PEPs 335, 531, 532 have already been rejected, they cover almost all the development (re)produced here.
What we have left is the c-strings idea, which covers a much wider usage scope than PEP 505, but should probably be the subject of another thread.

1 Like

So I am quite on board with:

Well, not necessarily that, but that I think some customised DSL environment could be helpful for various applications.

Of course it is always possible to just implement custom DSL via string-parsing, but the issue with it is that inevitably is going to be very slow and would not be attractive for ad-hoc applications, such as "None-aware operators:

%timeit 1 if a is None else 2    # 15 ns

well, ok, this is a bit wishful thinking, but let’s say maybe class that I have been playing with

d = {'a': [1]}
%timeit maybe(d)['a'][0] | 2    # 1.3 ”s

In comparison to something that parses string:

import string
FMTR = string.Formatter()
%timeit FMTR.format('{} {} {}', 1, 2, 3)    # 4 ”s

And this is lower bound. To make it do what maybe does above it would easily go to 10”s, maybe even 20”s.

E.g. Symbolic expression parsing:

s = '(-1 * -2) + (-3 * 2) + (-4 * -1 * -3)'
parser.parse(s)    # 50 ”s

And this is a reasonable performance as this is very minimal optimised implementation. E.g. performance of lark doing the same thing:

parser.parse(s)           # 160 ”s
cython_parser.parse(s)    # 120 ”s


So I think all I am trying to say is that implementing string DSL can definitely be easily done. e.g.:

a = maybe('a | b & c[d].e', a=1, b=2, c=3, d=4)

But it would be both:
a) very slow (in comparison to something done in Python)
b) inconvenient as parameters would inevitably have to be provided manually (not simply looked up)



However the issue with something like:

WithDeferredContext{ a | b & c[d].e }  # pseudo-code

is that for this to be justified it needs to be a proper multi-purpose tool (such as re for string parsing) as opposed to just be able to fit one problem.

Like by overriding functions in there

# pseudo-code
WithDeferredContext(
    enter_fun = maybe,
    f1 = partial(maybe, *args_f1, **kwargs_f1),
    exit_fun = maybe.get()
    ){ a | f1:b & c[d].e }  

→ The roots are identified (a, b, c), enter_fun is applied to all of them except b where f1 is applied instead.
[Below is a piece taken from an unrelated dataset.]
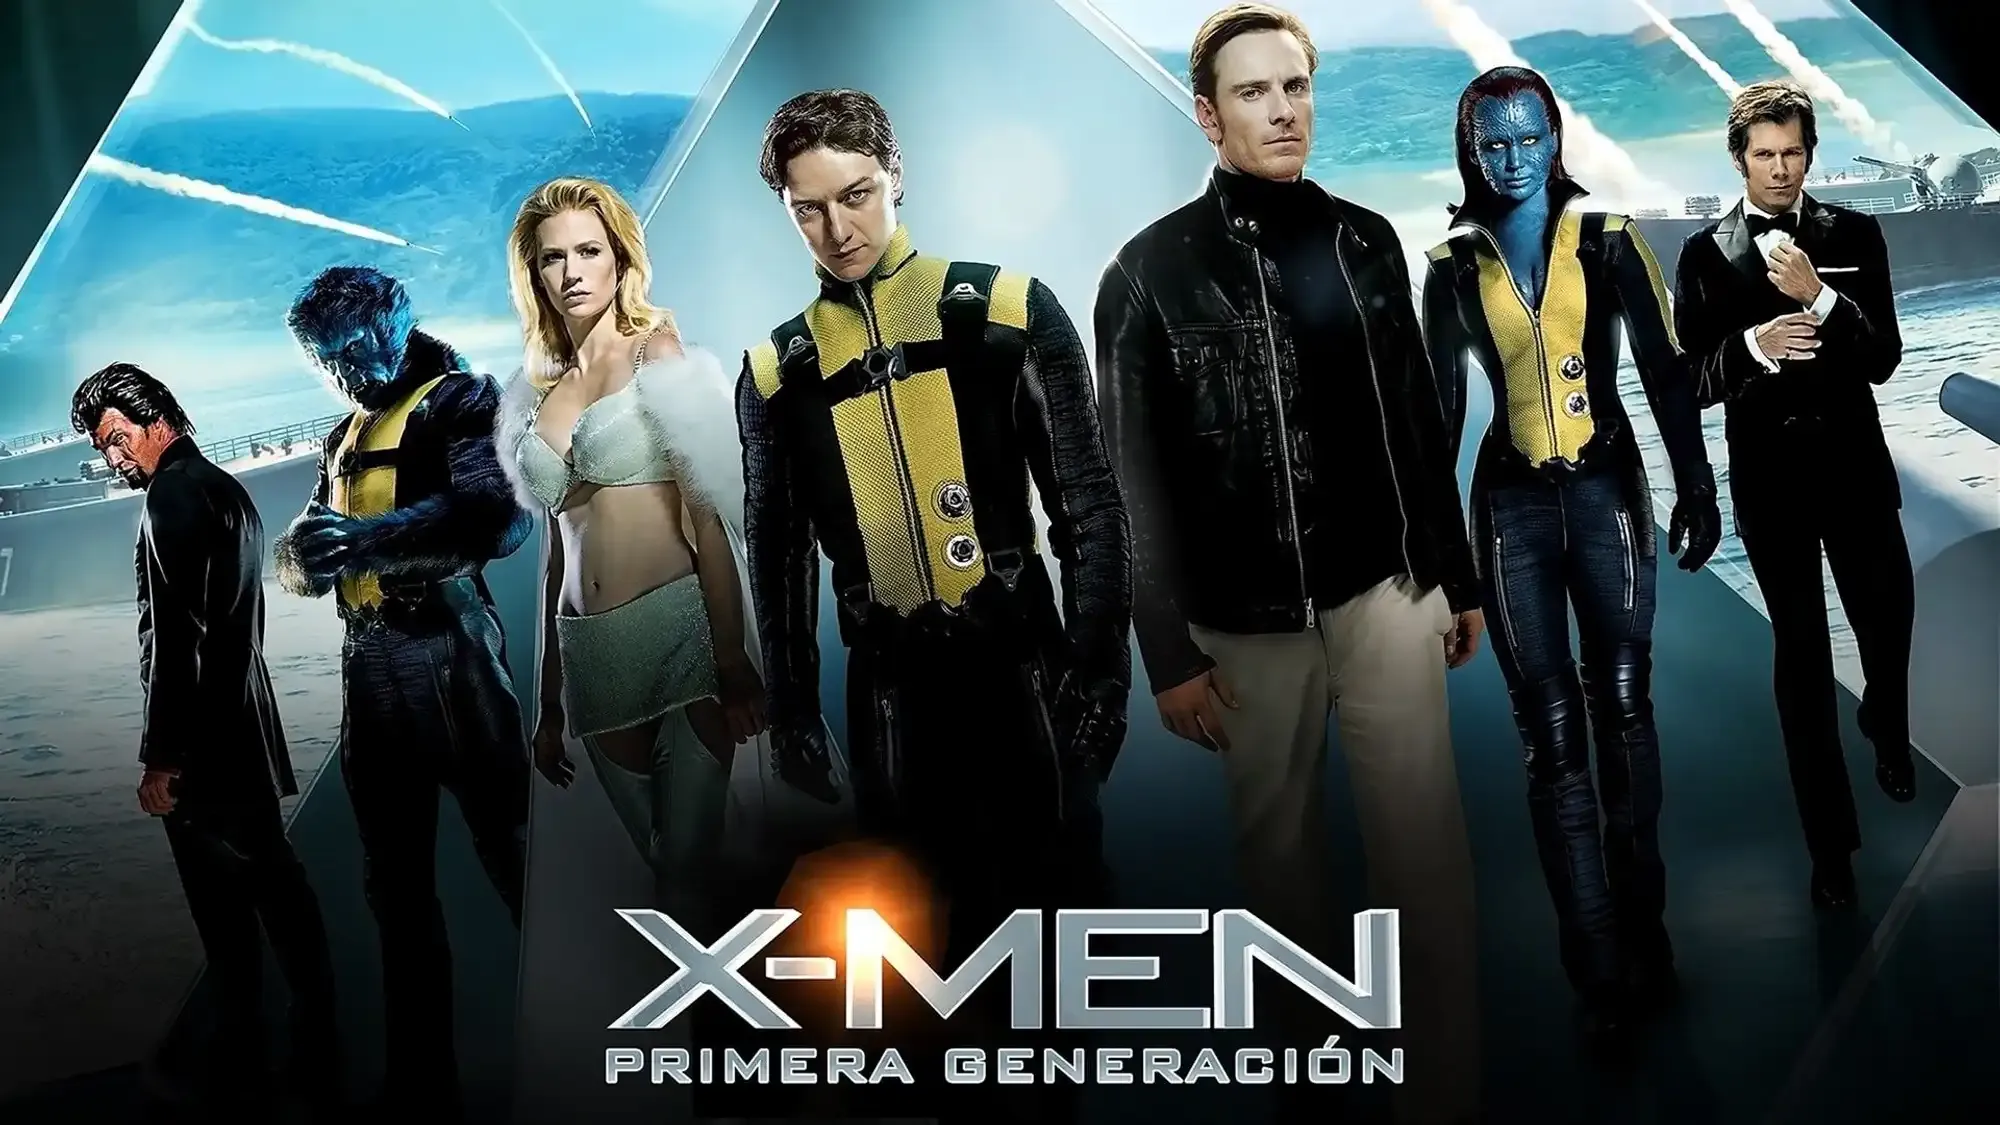 X-Men: First Class movie review

After evaluation of the expression, exit_fun is applied to the results and its output is the final output.


Then partial(WithDeferredContext, enter_fun=..., exit_fun=...) becomes a generalizable tool creator
 for many niche cases.

Yet I am not sure performance, generalizability, and simplicity of this would be enough to make it worth it.

Yup, exactly.

Most importantly, I would like the core logic to be customisable. Not sure how could that look like, but I would like to be able to pick what operators do what and also short-circuiting behaviour.

For decisions on customisation, it would be good to find more applications for this.
Personally, I like to have at least 3 so to cover the space properly.

Basically every operators except the short-circuiting ones (and and or) can be overriden by changing the enter_fun with class instanciation with conveniently implemented magic methods (This would restrict the usage into the python layer thus not providing performance gains).
But you have to be careful with the precedence order. Regarding this, the bitwise operators are quite well-placed (but the comparison operators acts later, thus they cannot be used properly within the context). Also there might be complex implications regarding the selection of the roots if you go this way.
I fear this “root-logic” is too counter-intuitive to make it acceptable in a fully customizable way.

Can you say more ?

1 Like

This is only my opinion and preferred approach, but what I meant to say is that I would ideally find at least 2 more practical applications that such DSL would be able to handle. 2 reasons:

  1. Implementation cost doesn’t seem justified given the only application that was discussed
  2. Having more applications that act as pillars for decision making would contribute to better thought out design which is more forward looking, meaning it has a higher chance to fit another problem that is not yet known without breaking API.